Another source of hydrogen is water (H20) via electrolysis. The above schematic suggests it takes 39.4MWh of electricity to produce 1.1 tons of hydrogen which when burned only produces 33MW of usable energy. You’d be better off just using the electricity. The carbon produced is solid and goes to landfill which environmentalists keep telling us is bad.
On the graphic, prices are in Dollars and based on US gas and electricity prices which are lower than in the UK. Therefore, we shall ignore that calculation and reference Carbon Commentary who claim the cost price per kilowatt-hour of hydrogen is just over 7.5 Euro cents (6.34p). The retail price will be much higher, meaning hydrogen looks to be much more than twice as expensive as natural gas. Your author’s gas tariff is 3.83p/KWh excluding, as Carbon Commentary’s figures will, VAT and the standing charge.
Carbon dioxide is handy stuff and has a thousand and one uses but is already produced via existing chemical processes including capture. Capturing and storing CO2 just for the sake of it is difficult, expensive and uses lots of precious energy. Not all of the CO2 is captured anyway, and what is has to be scrubbed via chemical processes to remove all of the other contents of natural gas and the byproducts of combustion.
Beyond carbonphobia, what is the point? It is estimated in 2019 US greenhouse gas emissions were 6.5 billion metric tons. What else can you do with it other than release it into the atmosphere in the form of a gas to be recycled into oxygen by plants?
Incidentally, if Puffins think 6.5 billion tons sounds a lot, the atmosphere weighs 5.5 million billion (ie 5.5 quadrillion) tons.

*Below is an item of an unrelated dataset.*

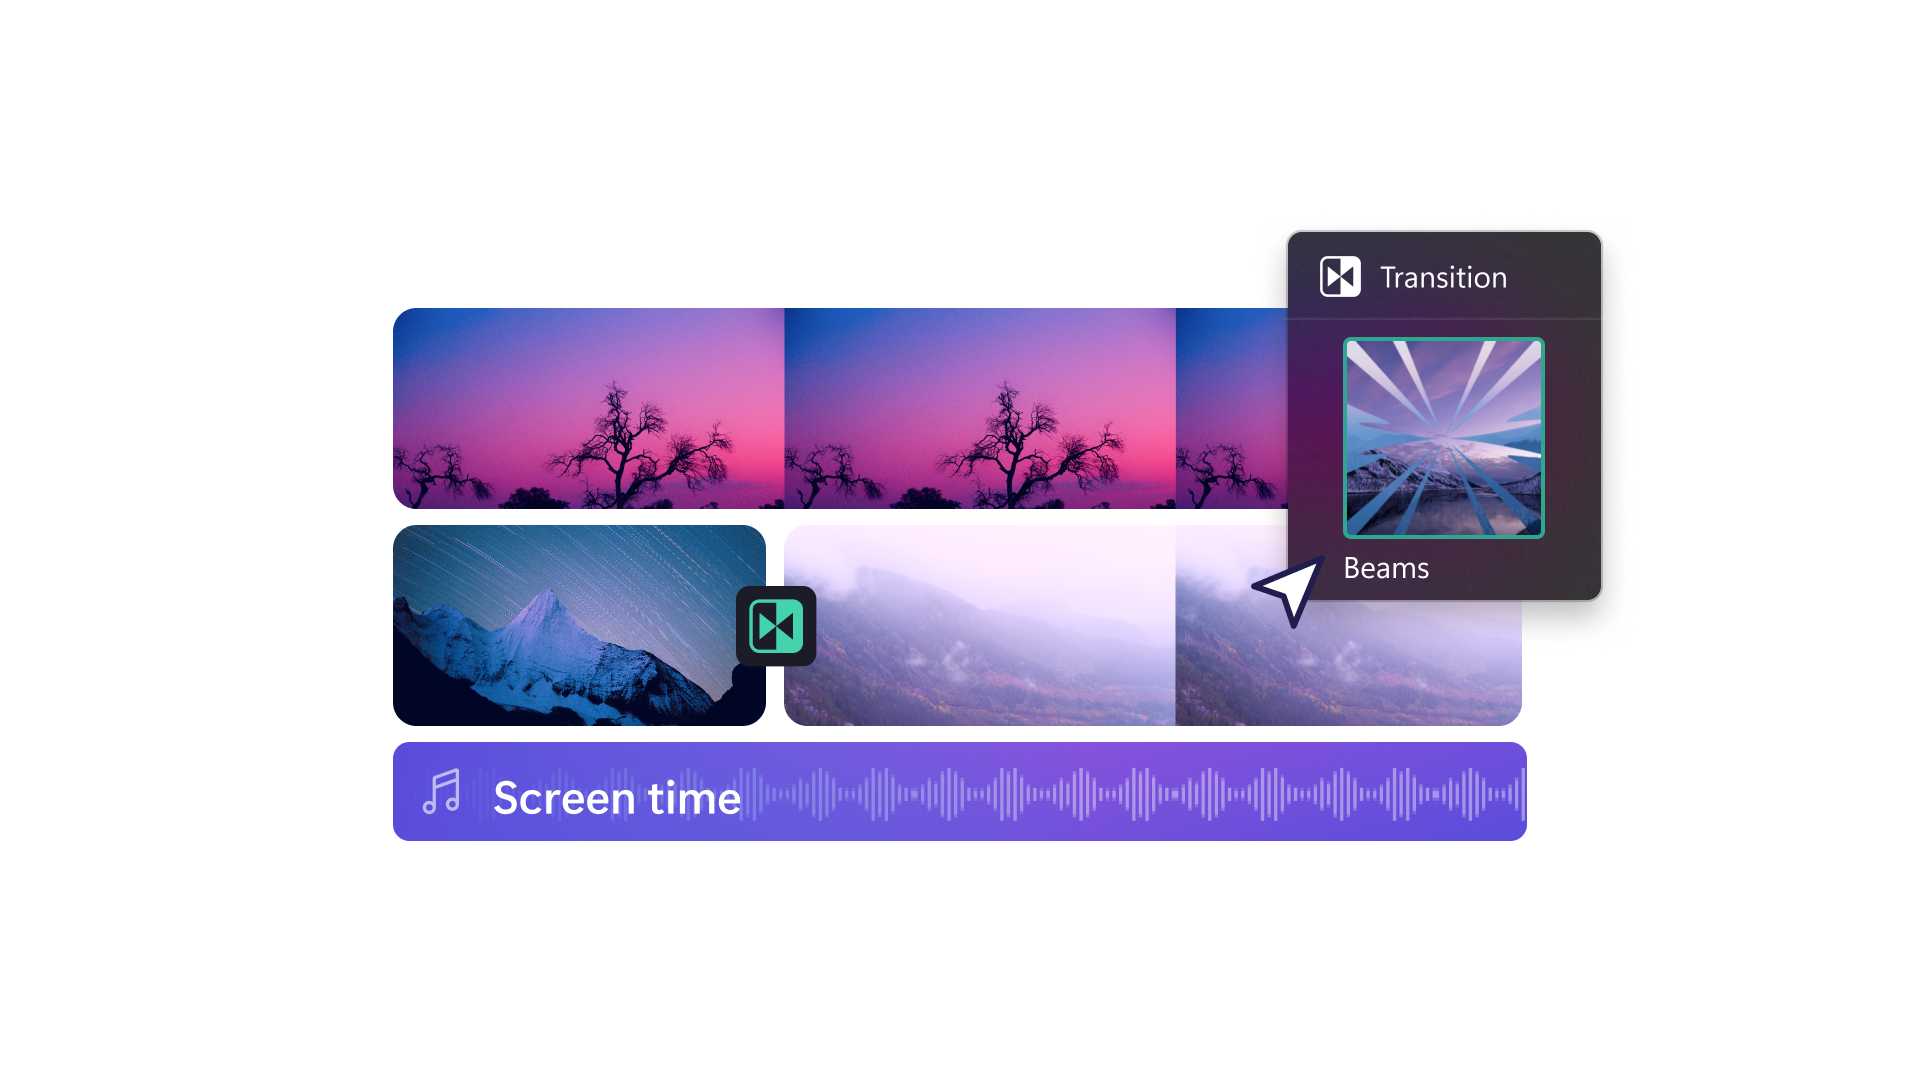 Image de différents fichiers multimédias en cours de montage dans Clipchamp, avec des vidéos sur la nature, de la musique et une transition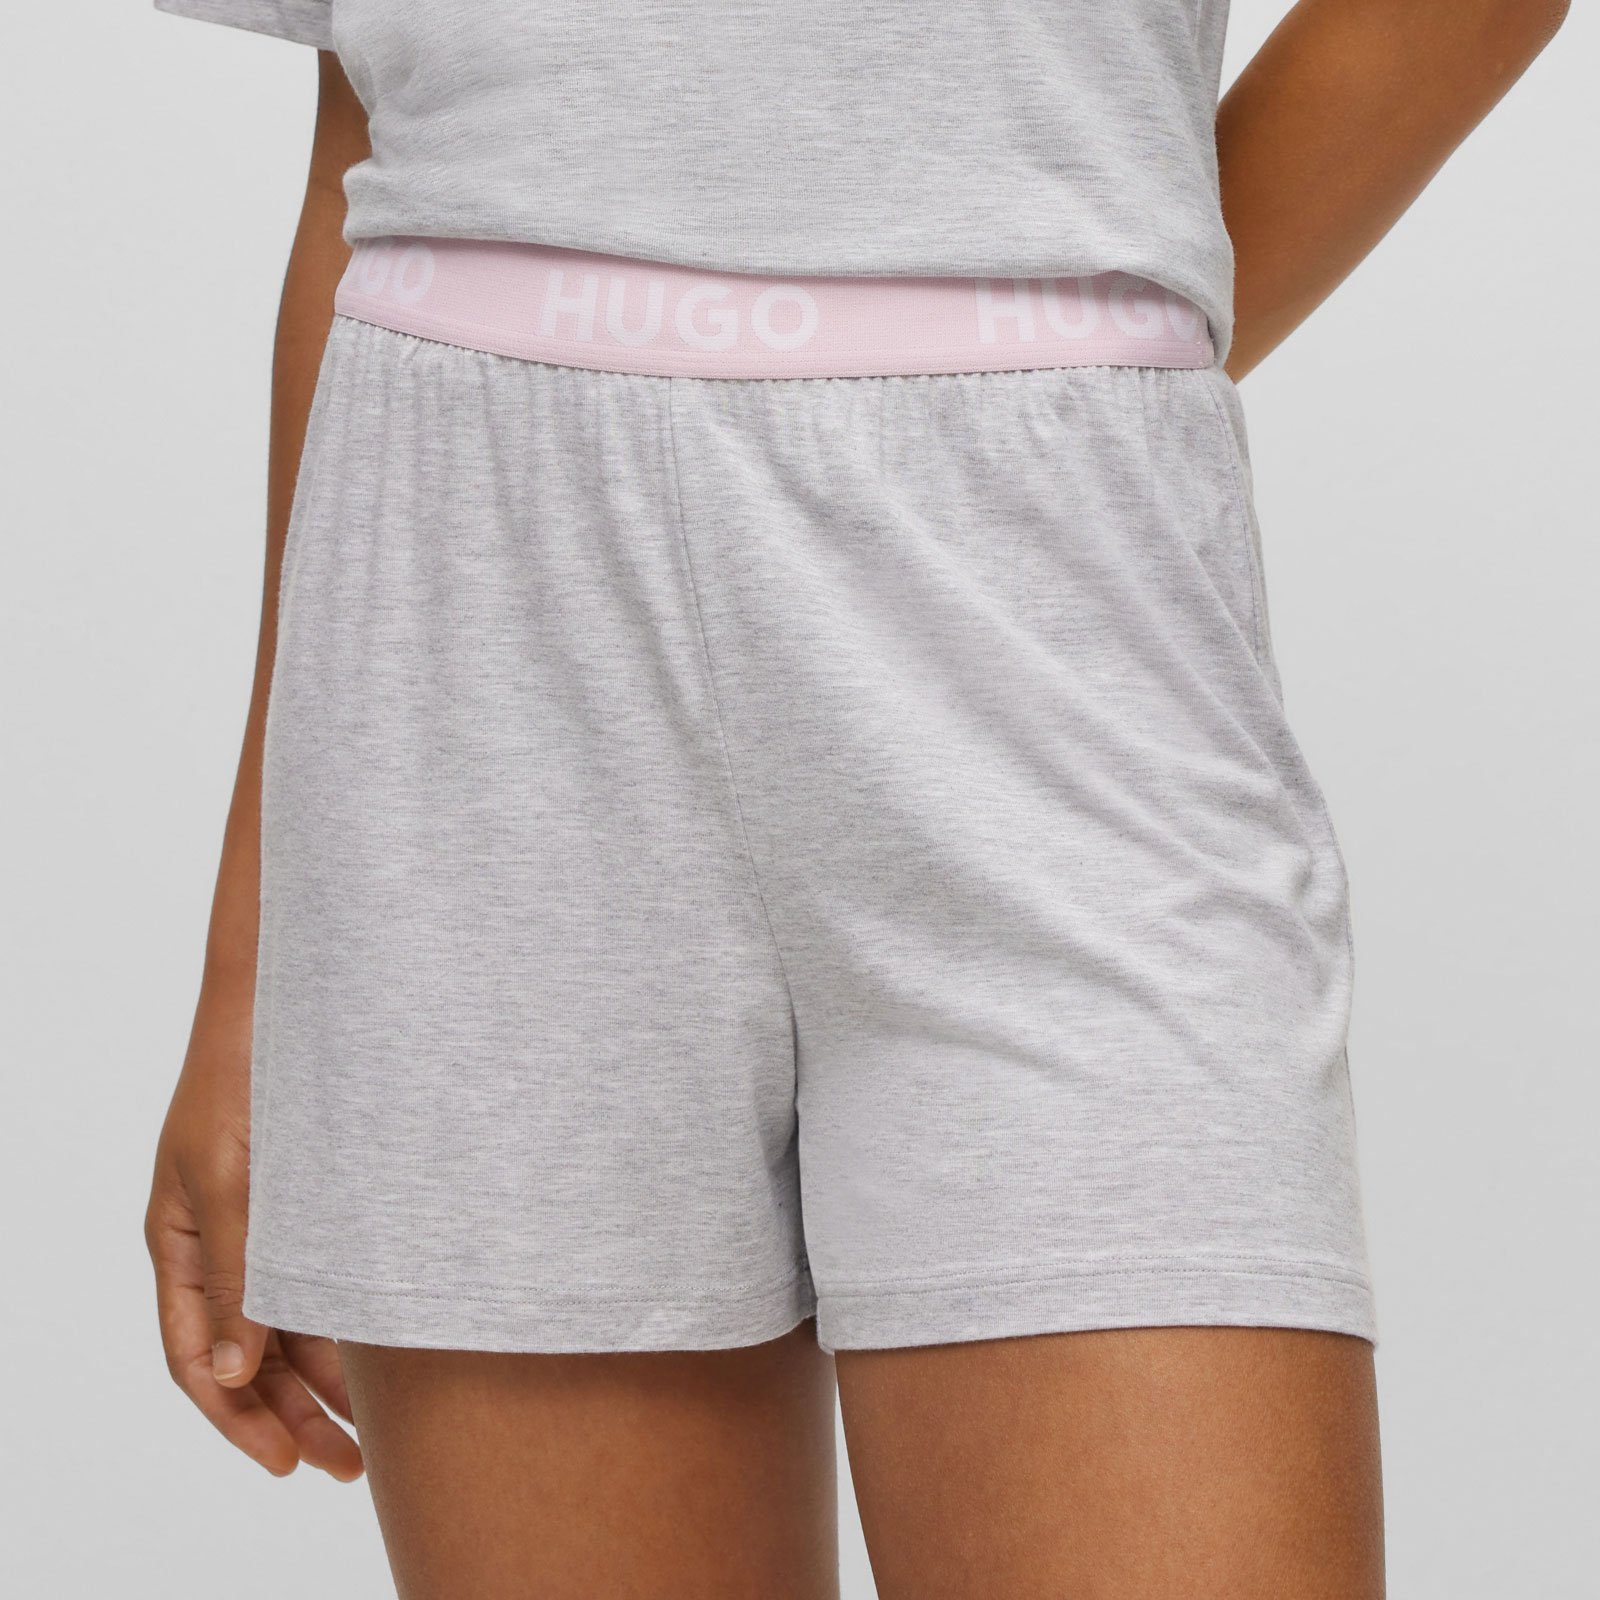 Unite Marken-Logos mit HUGO Shorts sichtbarem Pyjamashorts mit Bund

The plants might not even notice let alone thank us.
Follow the Science
Only 0.8% of the world’s population lives in the UK. Just 3.3% of the world’s economic activity takes place here, most of it in services rather than in high-carbon producing manufacturing and heavy industries. We consume 0.5% of the world’s coal and 1.2% of the world’s electricity. Only 0.04% of the earth’s atmosphere is CO2. According to government statistics, the 2010s were colder than the 2000s.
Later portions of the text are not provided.